Naturally, this attention on URIs is motivated by their prominent position in the Semantic Web and Linked Data infrastructures for publishing data. In fact, these paradigms motivate adaptive query processing for a further reason besides the scale of the data: distributed querying engines often concentrate loose federations of publicly-readable remote data sources over which the distributed querying engine cannot effect that histograms are maintained and published. Furthermore, the URIs of large-scale datasets are not hand-crafted names but are automatically generated following naming conventions, usually hierarchical. These observations both motivate extending adaptive query processing to Semantic Web data stores and also present an opportunity for the SemaGrow string prefix extension. SemaGrow work also formalized the key concepts in STHoles in a way that subsumes STHoles as its specialization for numerical intervals; and provided an extension to string prefixes.

Work in SemaGrow extended VoID into Sevod, an RDF vocabulary that is expressive enough to represent detailed instance-level metadata akin to relational database histograms. This improves cost estimation, but Sevod models are practically impossible to maintain manually. To address this, SemaGrow extended and adapted to Semantic Web data methods from the relational database literature for adaptive query processing, i.e., into a method for maintaining histograms by analysing the results to the user-requested query workload. In this manner, SemaGrow builds and maintains its Sevod descriptions without imposing any extra overhead queries and without requiring access to data dumps.
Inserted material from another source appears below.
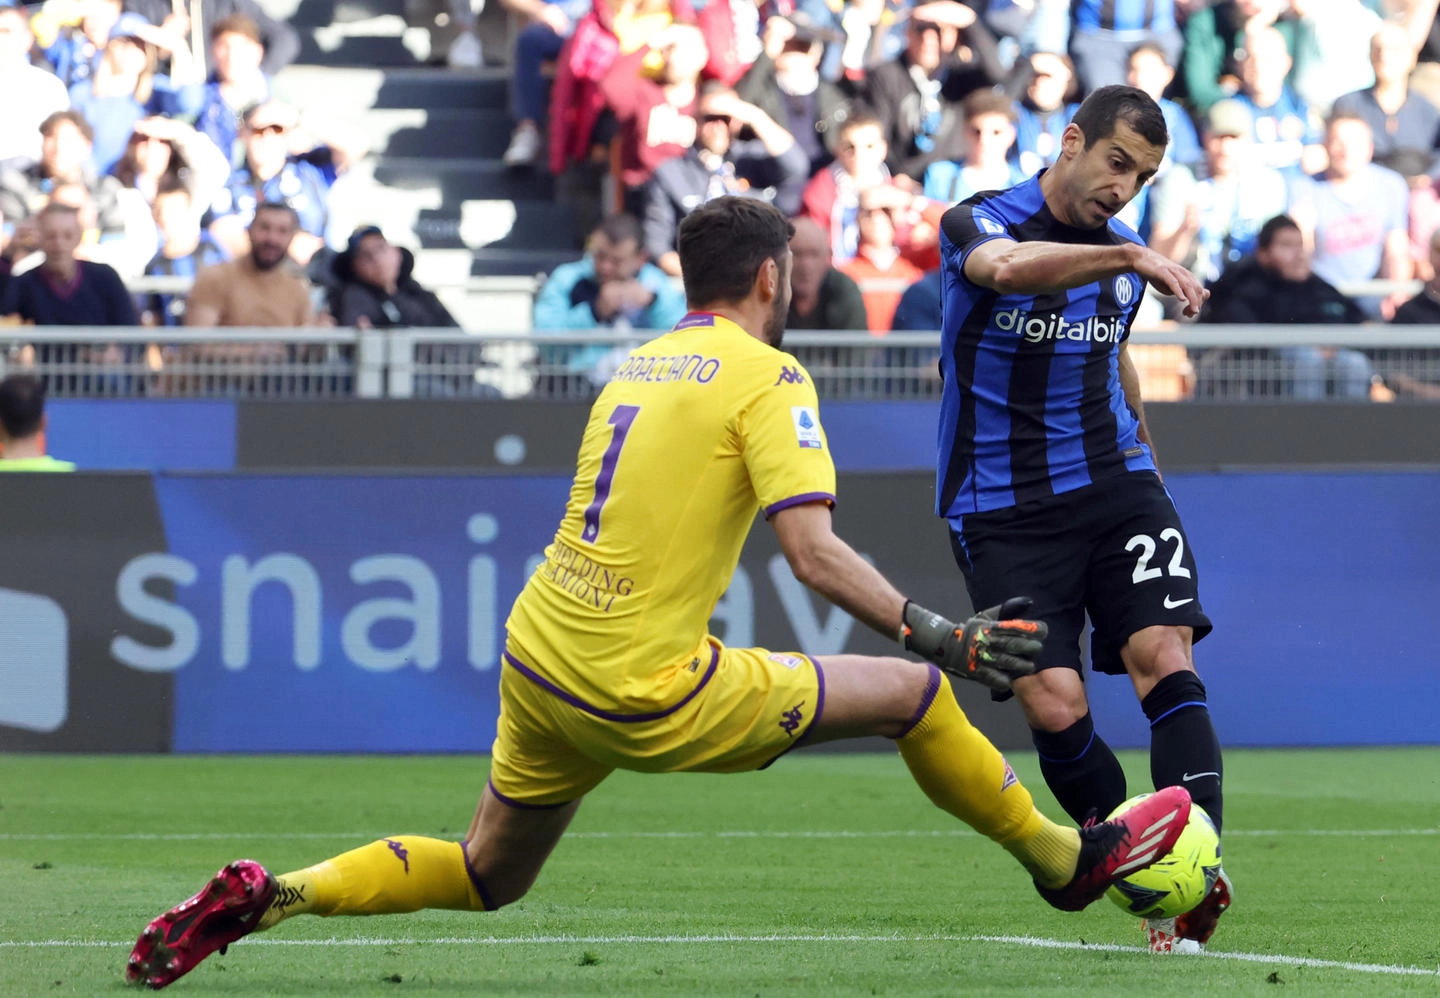 Fiorentina�s goalkeeper Pietro Terracciano (L) challenges for the ball  Inter Milan�s Henrih Mkhitaryan during the Italian serie A soccer match between Fc Inter  and Fiorentina Giuseppe Meazza stadium in Milan, 1 April  2023.ANSA / MATTEO BAZZI

Although the research above has given us considerable advances towards handling the needle-in-a-haystack problem of identifying the best strategy to retrieve data out of a large-scale repository, intelligent execution planning does not improve retrieving large amounts of data and also breaks down when remote endpoints are unexpectedly slow or unresponsive. To efficiently combine query results at a large scale and to handle the dynamic nature of the LOD cloud, we are carrying over and adapting optimized query execution methods from relational database research.